Politycy PiS-u nie mówią głosem Polaków i powinni przestać powtarzać, że to czynią – nikt nie posiada na to monopolu, nie ma też czegoś takiego jak jedna „wola Polaków”. Niech więc politycy mówią za polityków, a Polakom pozwólmy mówić za siebie. Przedstawiciele władzy powinni przyjąć, że reprezentują partię polityczną, jak każda inna, rywalizującą o głosy wyborców.

Jeżeli przed ich partią stoi jakaś misja, niech będzie nią deklarowany udział w procesie przestawiania polskiej gospodarki na bardziej nowoczesne tory. Problem w tym, że – jak ocenia Jadwiga Staniszkis – „skok technologiczny wymaga miejsca na ryzyko, szaleństwo, prawo do błędu, czyli na to wszystko, co teraz jest – także prawnie – ograniczane. Częścią innowacyjności jest wolność, podmiotowość i zdolność do autorefleksji, a zamiast tego mamy klimat niepotrzebnie tworzący poczucie klatki”. Niestety wątpliwe, by PiS zrezygnował z podążania raz obranym szlakiem.

Beata Szydło powtarza często, że opozycja „nie pozwala rządowi pracować”. To nieprawda, opozycja w istocie nie spełnia bowiem dobrze swojej roli – często krytykuje rząd, używając nieadekwatnych środków, nie proponuje też żadnych poważnych alternatyw.
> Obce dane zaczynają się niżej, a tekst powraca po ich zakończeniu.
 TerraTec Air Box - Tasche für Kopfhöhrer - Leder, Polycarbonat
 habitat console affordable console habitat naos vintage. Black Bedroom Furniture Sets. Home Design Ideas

Ale ani opozycja, biznesowo-polityczne elity III RP, złowrodzy sędziowie czy wszechwładny TW „Bolek” nie są potrzebni, by psuć, skoro rząd póki co sam podstawia sobie nogę, utrudniając trwałe i skuteczne reformowanie państwa, minimalizując szanse na sukces planu Morawieckiego, a w wielu obszarach osłabiając to, co już istniało. W miejsce wyższych standardów politycznych i profesjonalnych, PiS poświęcił 100 dni na upartyjnianie instytucji, rozdając nominacje według klucza lojalności. Nie tego powinniśmy oczekiwać od formacji głoszącej „dobrą zmianę”.